Cockpit Incursion?
AMID swirling allegations from conservationists that sections of the Cockpit Country are being mined for bauxite, the Government’s environment watchdog yesterday vowed to apply the brakes to any undertaking found to be encroaching on the protected area.
Windsor Research Centre, which is located five kilometres inside Cockpit Country, reported seeing mining equipment and haul road extension works at the Madras/Caledonia crossroad near Bryan Castle in St Ann.
“The new haul road is outside the Special Mining Lease (SML) 165 which Noranda inherited from St Ann Bauxite Ltd, and is penetrating so-called Special Reserves, which are inside Cockpit Country,” engineer and director of Windsor Mike Schwartz said in a release to the media.
“According to SML 165, these reserves are to be used only if it turns out that there is less bauxite than predicted within the said SML,” he continued.
Schwartz and Diana MaCaulay, CEO of Jamaica Environment Trust (JET), said they were alarmed and appalled at the development, especially since the Government has given “numerous assurances that bauxite mining would not be permitted in Cockpit Country”.
“To now learn that the GOJ has gone ahead and allowed Noranda to begin mining operations in Cockpit Country without any dialogue with stakeholders and without the declaration of the long promised boundary and protection regime is a betrayal of good faith,” MaCaulay said.
But speaking with the Jamaica Observer yesterday, CEO of the National Environment and Planning Agency Peter Knight said the agency was seeking to verify the complaints lodged with his office and would defer detailed comment until then.
“Suffice it to say, if mining is taking place and if they have encroached on Cockpit Country, it will be stopped,” Knight said.

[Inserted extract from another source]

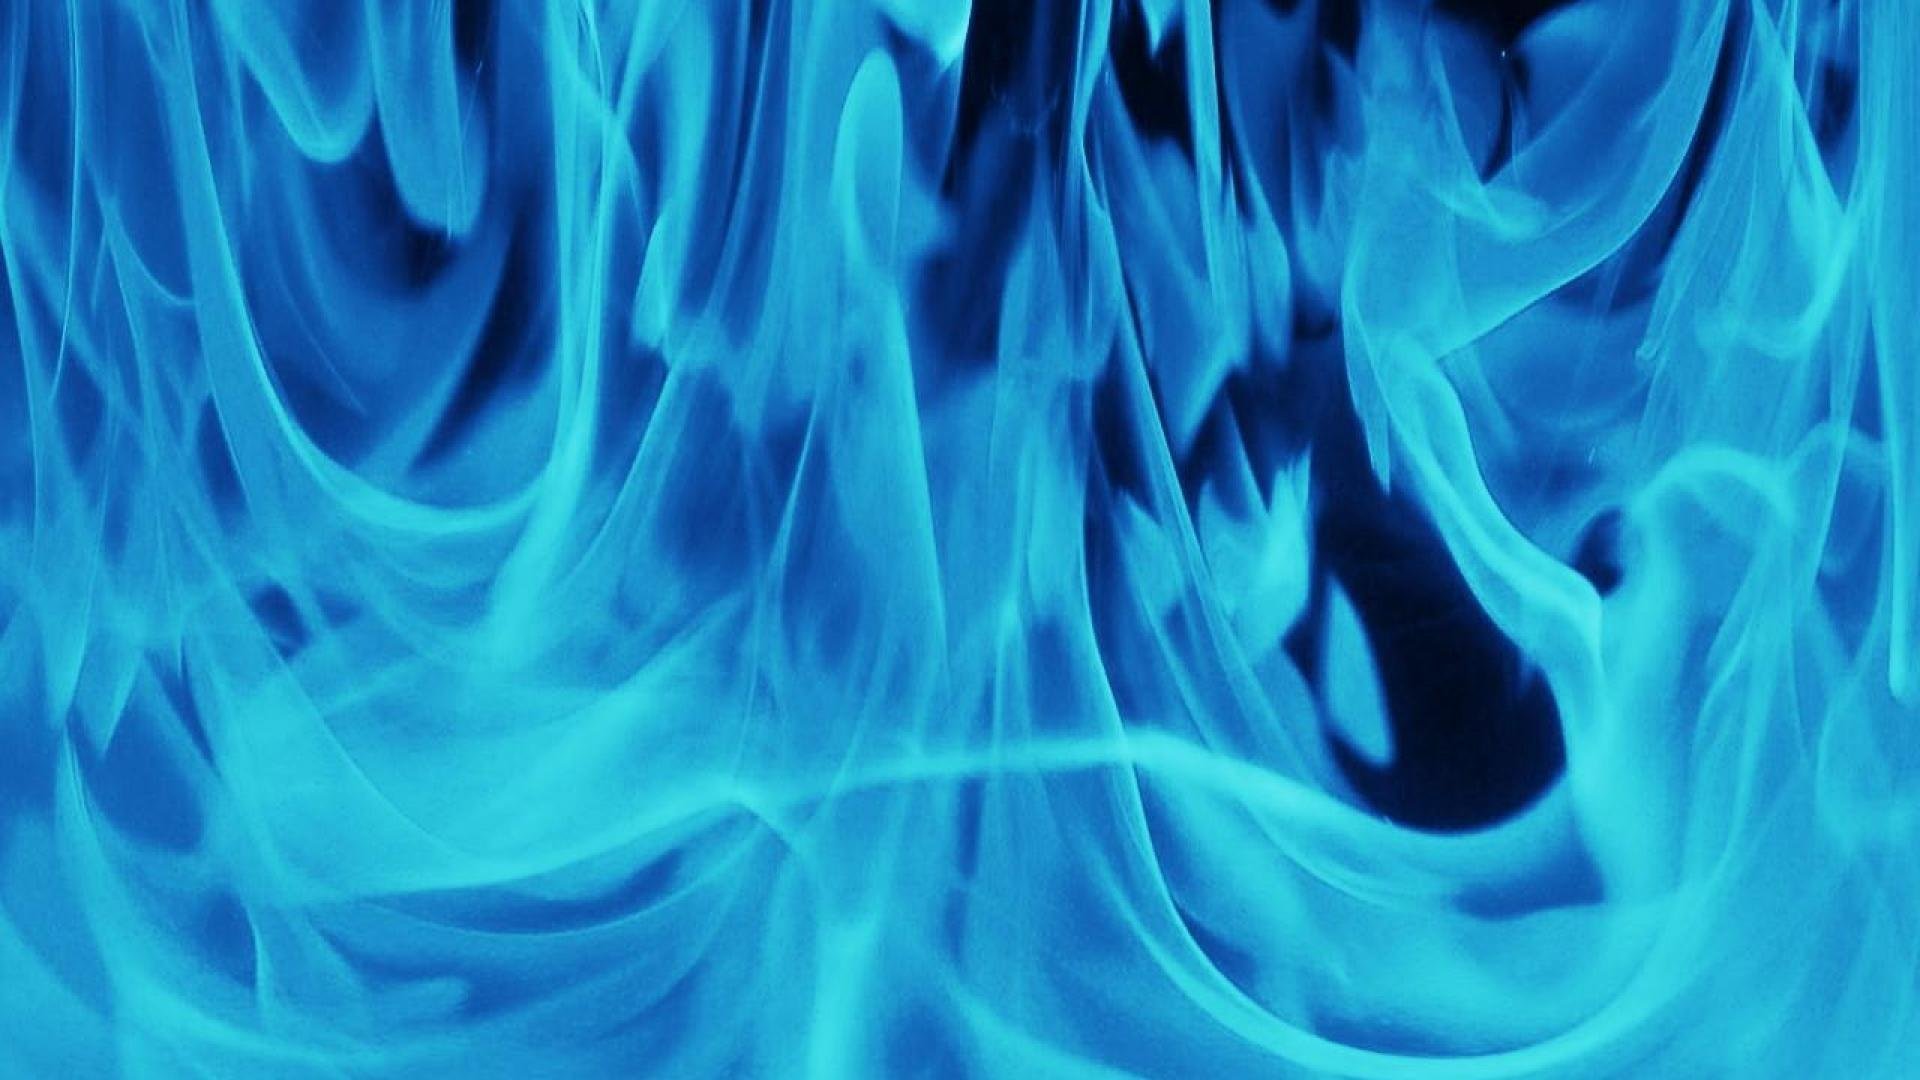 картинки синие пламя

Noranda communications executive Lance Neita told the Observer said the company has been made aware of the allegations and would respond in short order. He maintained, however, that Noranda is operating according to its lease and has never gone outside of its boundaries.
Cockpit Country is an expanse of mountainous forest that stretches from St James, Trelawny, and St Elizabeth, to sections of St Ann, Clarendon and Manchester. It sits on limestone bedrock and has been eyed for limestone and bauxite mining. Cockpit Country supplies as much as 40 per cent of the water for western Jamaica, according to the Water Resources Authority.

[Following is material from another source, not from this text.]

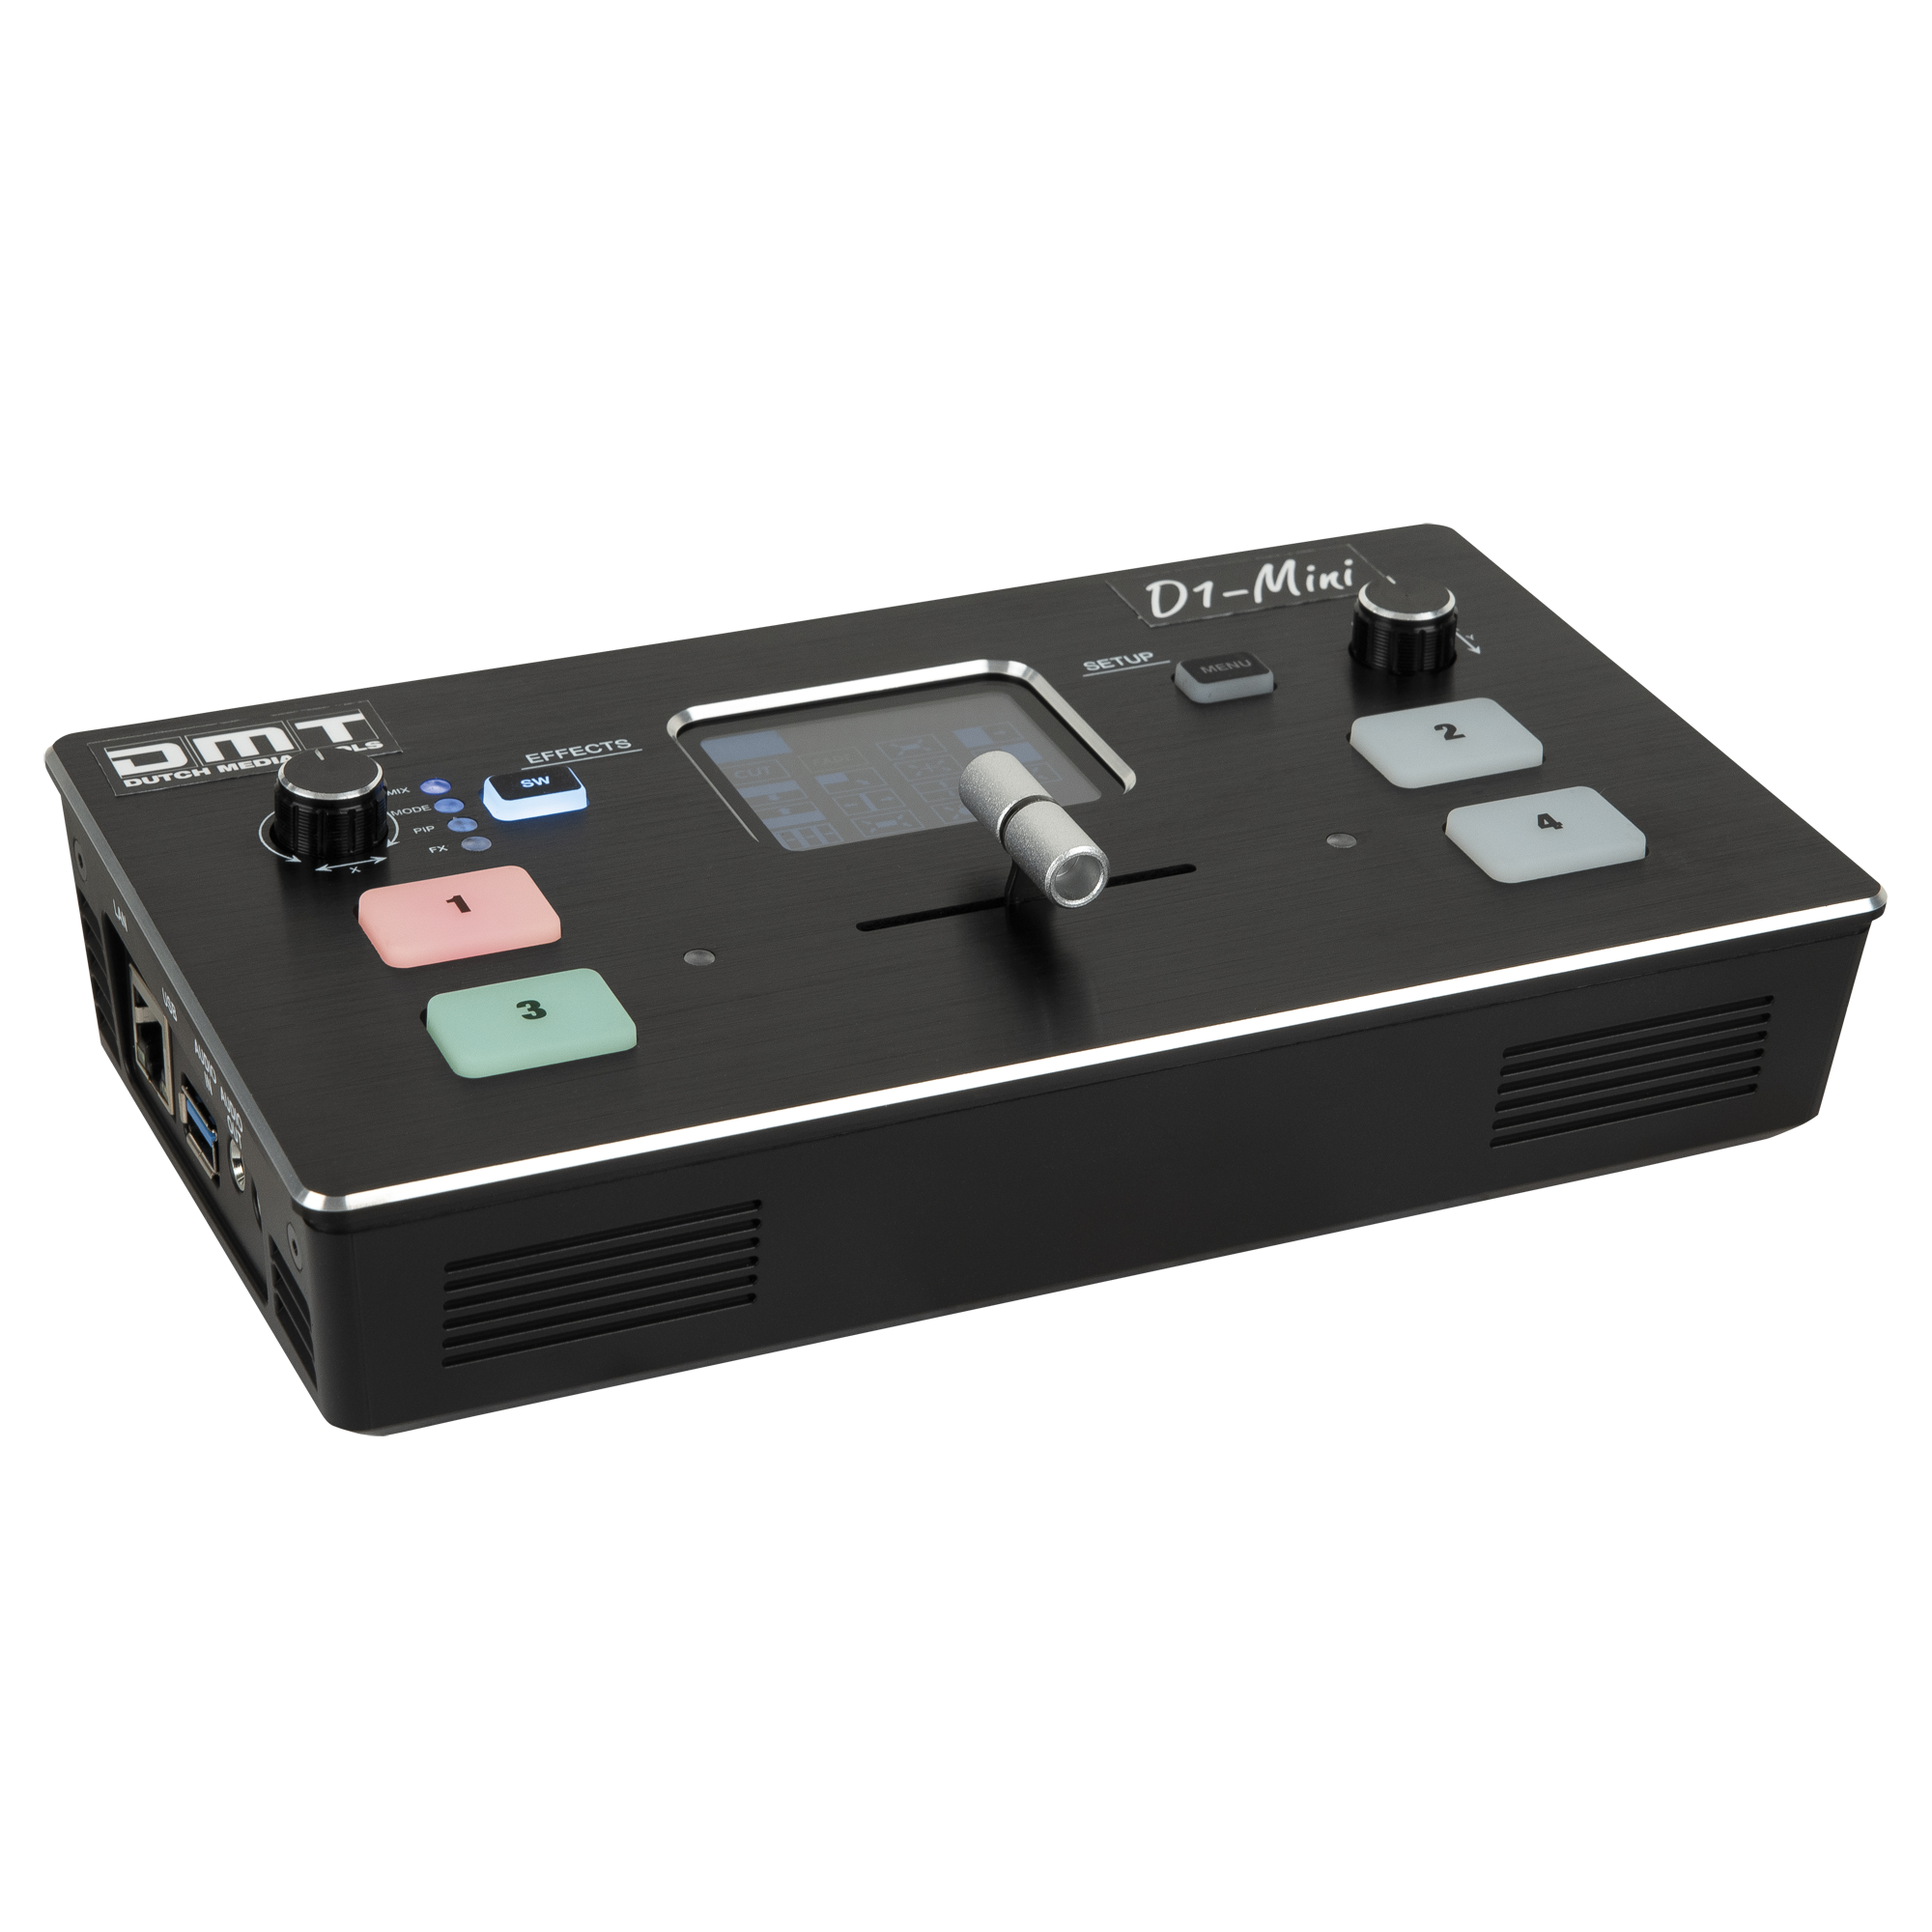 D1 Mini Video Switcher - Onlinediscowinkel.nl

At the base of the contention is the demarcation of its boundaries. Over the years, different interest groups have defined varying boundaries, some wider than others. In 2013, the Government stepped in to settle the impasse and commissioned a series of public consultations to that end. The published recommendations concluded, among other things, that “The Government of Jamaica should not authorise any form of exploration of mineral deposits, mining and quarrying activity within the Cockpit Country as the level of emotion is too high and level of opposition and resistance by community members and leaders, CBOs, NGOs and civil society organisations, some Government of Jamaica agencies and members of the academic community may not provide enough guarantee and confidence for potential investors”.
“They can’t just ignore the public consultations that they commissioned,” Schwartz said.